I saw a 40+ year old guy at autozone the other day buying a set of 4 chrome hubcap spinners.

BTW, there's a local place here that buys used vehicles (BMW, Lexus, Audi, Escalates, Jaguar, oh, and of course Civics), they slap HUGE, HUUUUUGGGE Chrome wheels on the cars and finance them off to people (usually around 18-25). It's such a freaking joke. The place is called Eye Candy. They think they have freaking awesome cars there. No offense, but most people on the lot are minorities. Sorry bro, it's not Eye Candy, it's a 50,000 car with $5,000 rims and you can't even pay the finance charges.

Oops, guess I got OT.


----------



## chucky200 (Jan 3, 2003)

That car would look a lot better w/o that dumb ass graphic on the hood. And I'm really not liking the VC either... amg a few other things....

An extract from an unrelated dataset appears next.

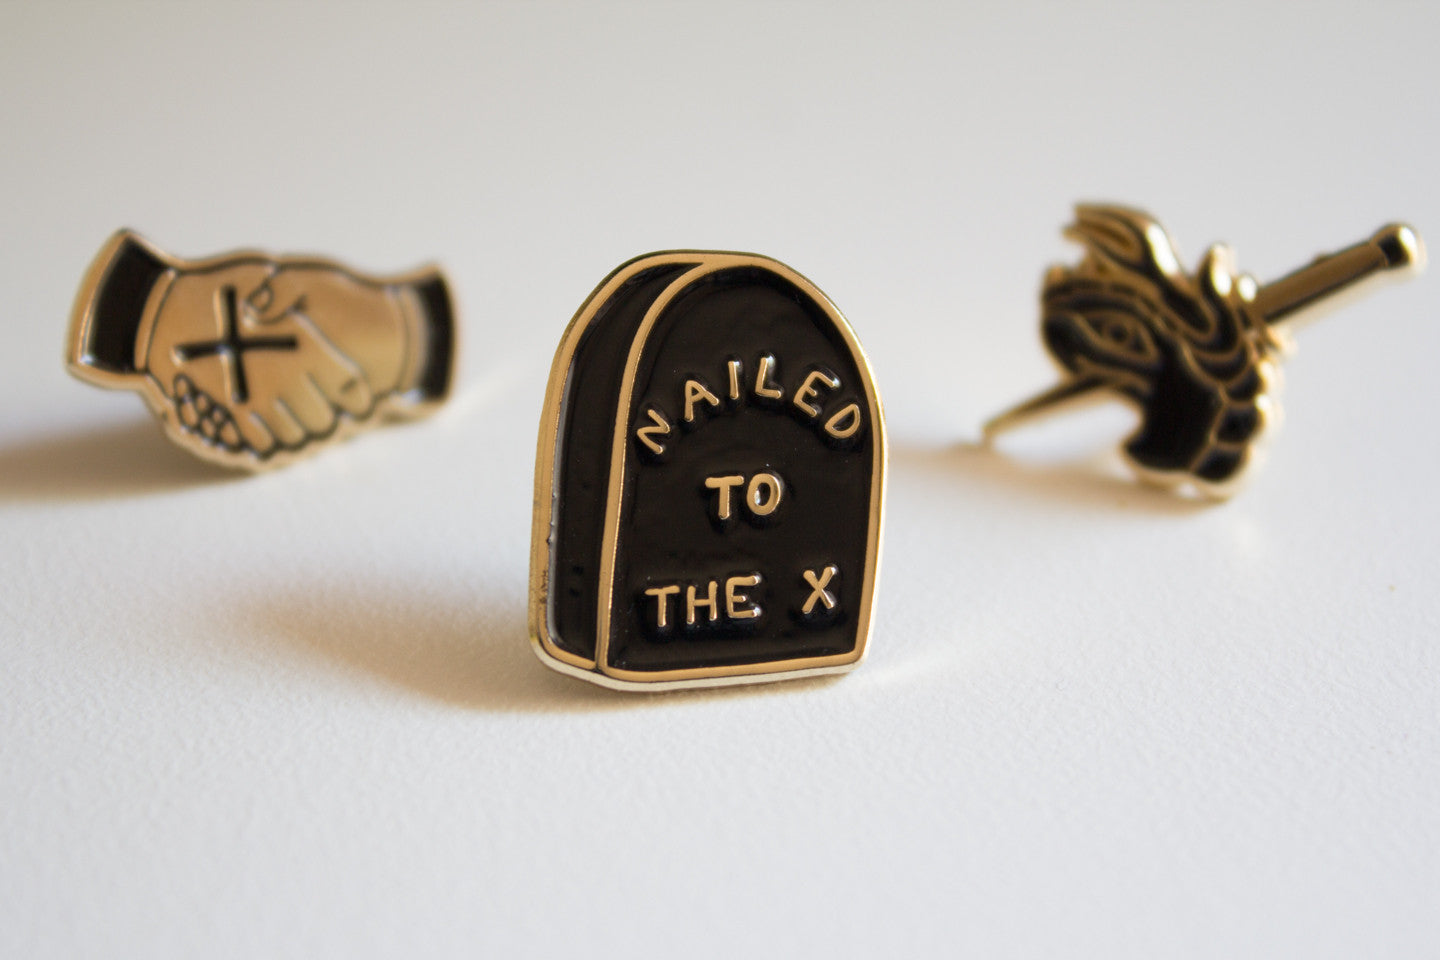 Nailed To The X Lapel Pin

*sigh* That 'could' be a really clean, sweet ride!


----------



## 95seRguy (Oct 4, 2004)

without the graphics i think it wouldn't look that bad.


----------



## SentraStyles (Dec 31, 2002)

No Comment except that its a little much for me including some peoples attitude on this forum!

Justin


----------



## I'm tired of my usernamee (Feb 16, 2004)

it's alright, i bet hes fooling alot of people into thinking he's driving a Skyline cause of the GTR emblem in the grill though. With a little fixing it could be a pretty decent car. At least it doesn't have wire wheels and a neon green painted interior.


----------